In der Abstellkammer stand noch der zusammengerollte Teppich, den mein Ex-Mann nach der Trennung nicht mitgenommen hatte. Als ich ihn endlich auseinanderzog, schnürte mir etwas Unsichtbares die Kehle zu.

Hannah hatte immer geglaubt, ihr Leben könne man, wenn man wollte, als Beispiel unter das Wort „Normalität“ in ein Wörterbuch setzen. Darin lag keine Bitterkeit, kein Spott und auch keine heimliche Klage. Sie mochte diese berechenbare, warme, unaufgeregte Welt wirklich. Zehn Ehejahre mit Tobias waren ihr im Rückblick wie ein langer heller Tag erschienen, ruhig, vertraut und fast wolkenlos. Kennengelernt hatten sie sich noch an der Hochschule, wobei Hannah bald merkte, dass endlose Vorlesungen über Betriebswirtschaft nicht ihr Weg waren. Sie exmatrikulierte sich, ging in die Beauty-Branche und ließ sich zur Friseurin und Coloristin ausbilden. In den letzten Jahren arbeitete sie in einem hellen, freundlichen Salon namens „Amelie“, nur zwei Straßen von ihrer großzügigen Dreizimmerwohnung in einem stillen Wohnviertel am Stadtrand entfernt.

Diese Nähe machte ihr Leben beinahe lächerlich praktisch. Morgens brachte sie die fünfjährige Emma auf dem Weg zur Arbeit in die Kita, tagsüber atmete sie die vertraute Mischung aus Haarfarbe, süß duftenden Shampoos und frischem Kaffee ein und half Frauen, sich schöner zu fühlen. Abends holte sie ihre Tochter wieder ab und ging nach Hause. Tobias war bei einer großen Spedition als Bereichsleiter angestellt: ordentliches Gehalt, seltene Dienstreisen, Firmenfeiern vor Weihnachten, Geburtstagsrunden im Büro. Alles war so, wie man es eben kannte. Ruhige Abende auf dem Sofa mit Serien, hektische Samstage in Einkaufszentren oder im Park, gelegentliche, aber unvermeidliche Besuche bei den Eltern im Schrebergarten. Hannah war sicher gewesen, dass sie eine echte, solide Familie hatten – eine kleine Festung, in der Lügen und Verrat keinen Platz fanden.

Doch dieses scheinbar stabile Haus aus Gewohnheiten brach an einem ganz gewöhnlichen Dienstag im November in sich zusammen.

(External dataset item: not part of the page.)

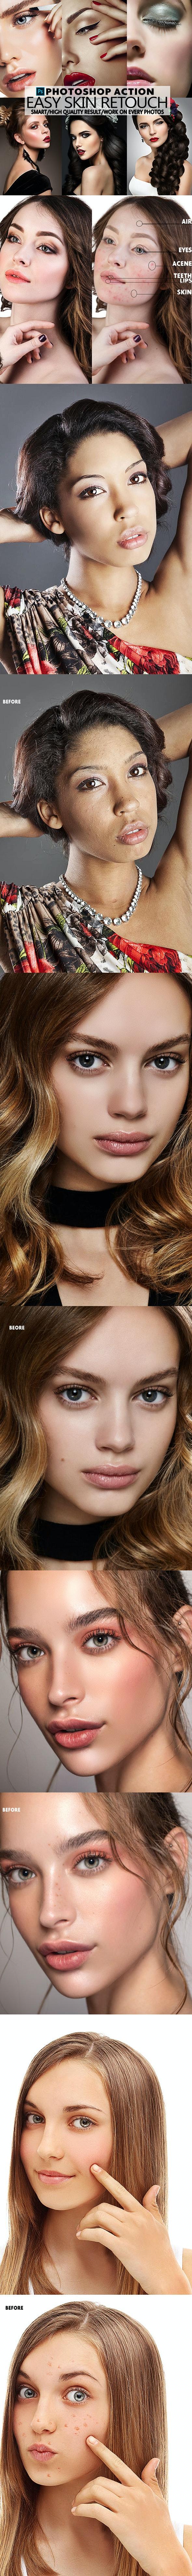 Easy Skin Photoshop - Actions Photoshop
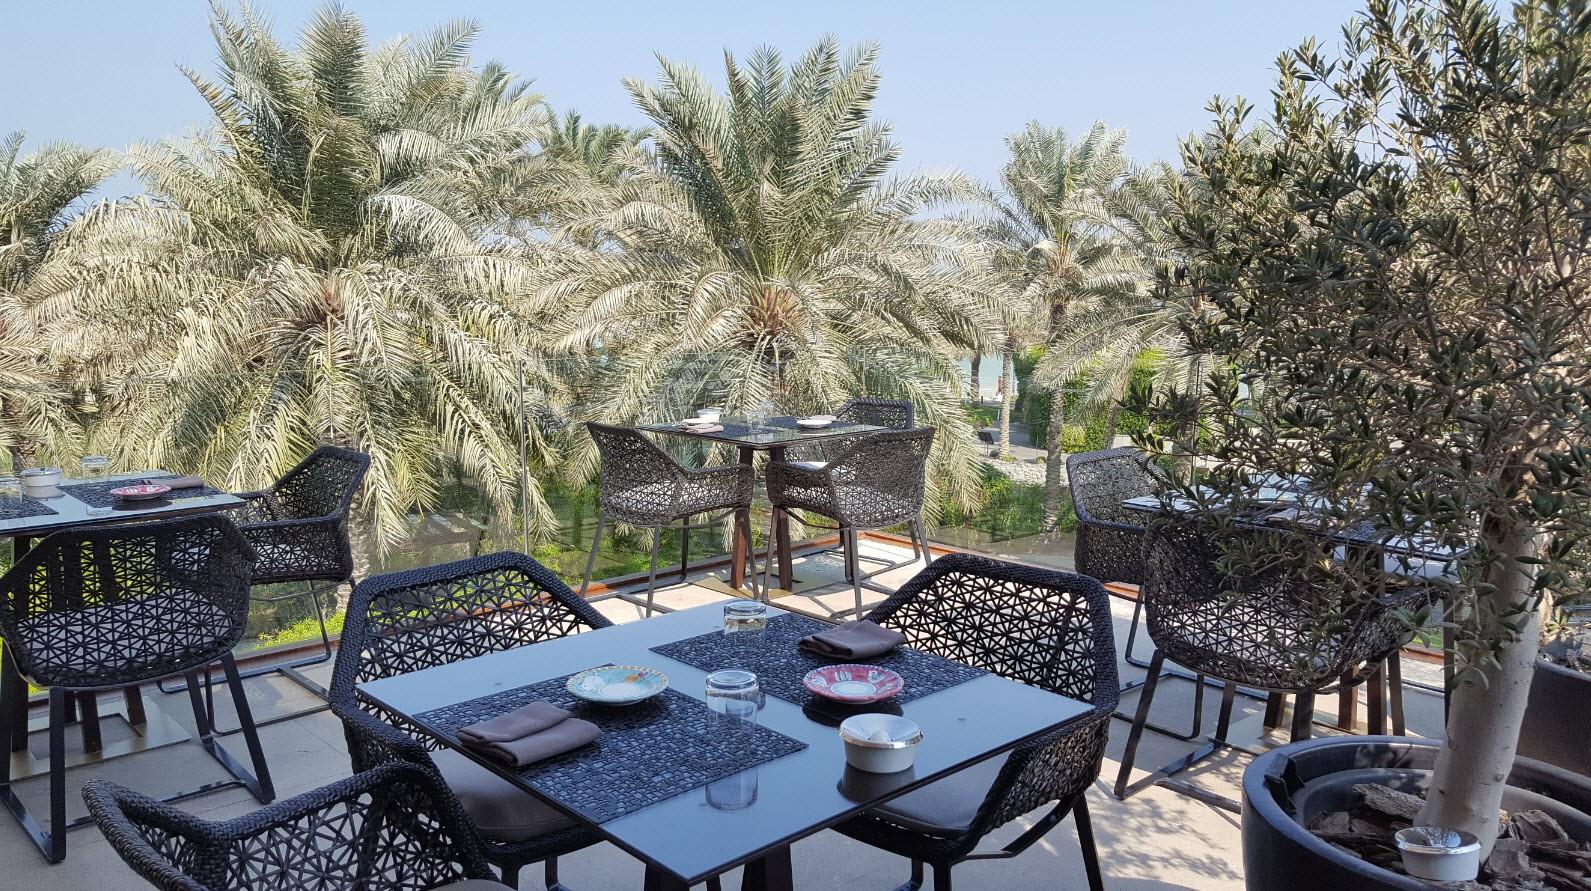 un go t d italie manama primavera au ritz carlton bahrain inspiration for travellers. Black Bedroom Furniture Sets. Home Design Ideas

Hannah kam an diesem Tag drei Stunden früher nach Hause als sonst. Im Salon war ein Rohr geplatzt, und die Inhaberin hatte alle nach Hause geschickt. Für den Abend hatten sie und Tobias eigentlich geplant, noch in den Baumarkt zu fahren. Deshalb ging Hannah kurz zu seinem Wagen hinunter, der vor dem Haus parkte, um eine Stofftasche aus dem Kofferraum zu holen. Im Handschuhfach suchte sie nach Feuchttüchern. Ihre Finger stießen plötzlich auf kühlen Kunststoff, auf ein fremdes Smartphone. Genau diese abgedroschene Szene, über die sie früher in Fernsehmelodramen müde gelächelt hatte, lag nun in ihrer eigenen Hand. Das Display war nicht gesperrt. Als Erstes sah sie einen offenen Messenger und eine endlos lange Unterhaltung mit einer gewissen Vanessa. Restaurantfotos, Herzchen, sehnsüchtige Nachrichten, Pläne für ein Wochenende in einem Wellnesshotel im Harz – ausgerechnet an jenem Wochenende, an dem Tobias angeblich auf einer „furchtbar langweiligen Fachkonferenz“ gewesen war. Auf dem Profilbild sah Vanessa kaum älter als zweiundzwanzig aus, sie studierte Kommunikationsdesign und nannte Tobias ihren „reifen Löwen“. Hannah wurde so schwindlig, dass sie sich für einen Moment an der Motorhaube festhalten musste.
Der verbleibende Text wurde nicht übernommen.